Deploy the model to [Cloud Run](https://cloud.google.com/run/docs/overview/what-is-cloud-run) using the same container build and tested above from Artifact Registry.

Some highlights for Cloud Run:
- Rapid scaling to handle requests
- Scale to zero (default) or other minimum if set
- Can handle larger input (request) and output (response) sizes
    - See [requests limits](https://cloud.google.com/run/quotas#request_limits)
- Configure [memory limits](https://cloud.google.com/run/docs/configuring/services/memory-limits) and [cpu limits](https://cloud.google.com/run/docs/configuring/services/cpu) and [concurrency](https://cloud.google.com/run/docs/configuring/concurrency) and [autoscaling](https://cloud.google.com/run/docs/about-instance-autoscaling) and [request timeout](https://cloud.google.com/run/docs/configuring/request-timeout)

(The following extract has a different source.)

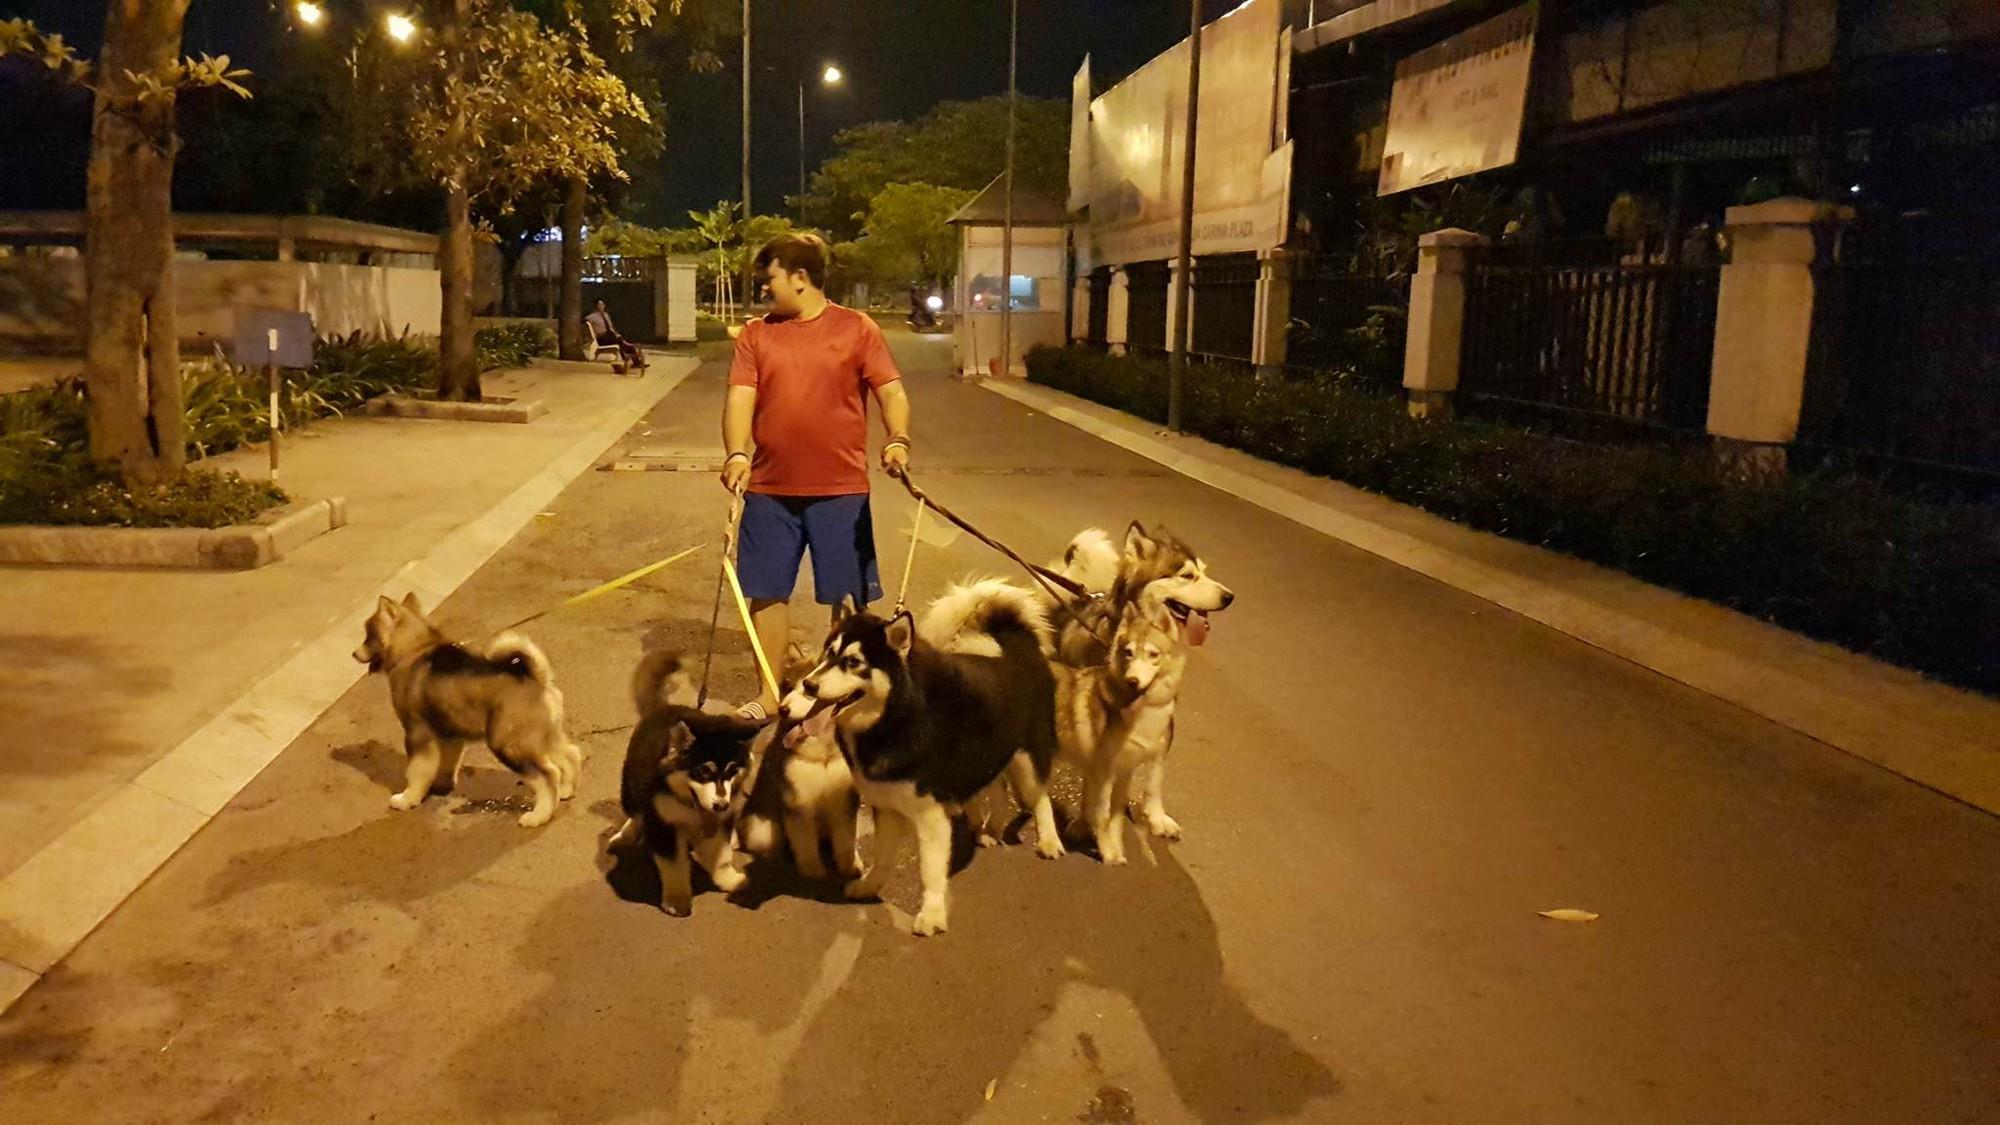 Câu chuyện cảm động về chú chó Alaska thông minh, cứu cả gia đình chủ trong đám cháy kinh hoàng tại chung cư ở Sài Gòn - Ảnh 5.

### Deploy The Endpoint(s)

In [111]:
def start_cloud_run_service(MODULE, name_suffix):
    # define the service:
    parent = f"projects/{PROJECT_ID}/locations/{REGION}"
    service = run_v2.Service()
    service.template.containers = [
        run_v2.Container(
            image = build_response.artifacts.images[0],
            ports = [run_v2.ContainerPort(container_port = 8080)],
            env = [
                run_v2.EnvVar(name = 'AIP_HTTP_PORT', value = '8080'),
                run_v2.EnvVar(name = 'AIP_HEALTH_ROUTE', value = '/health'),
                run_v2.EnvVar(name = 'AIP_PREDICT_ROUTE', value = '/predict'),
                run_v2.EnvVar(name = 'AIP_STORAGE_URI', value = f'gs://{bucket.name}/{SERIES}/catboost-overview'),
                run_v2.EnvVar(name = 'MODULE_NAME', value = MODULE)
            ],
            resources = run_v2.ResourceRequirements(
                limits = {"cpu": '8', "memory": '32Gi'}
            )
        )
    ]
    service.ingress = run_v2.IngressTraffic.INGRESS_TRAFFIC_INTERNAL_ONLY
    
    # start the service:
    try:
        # create the service:
        run_response = cr.create_service(request = {
            "parent": parent,
            "service": service,
            "service_id": SERIES+'-'+EXPERIMENT+'-'+name_suffix
        })
        # wait on the operation to complete:
        run_response.result()
        # print the name of the service
        print(f"Started Service: {run_response.metadata.name}")
        return run_response
    
    except Exception as e:
        print(f"Error creating service: {e}")
        return

In [112]:
service_start_main = start_cloud_run_service('main', '1')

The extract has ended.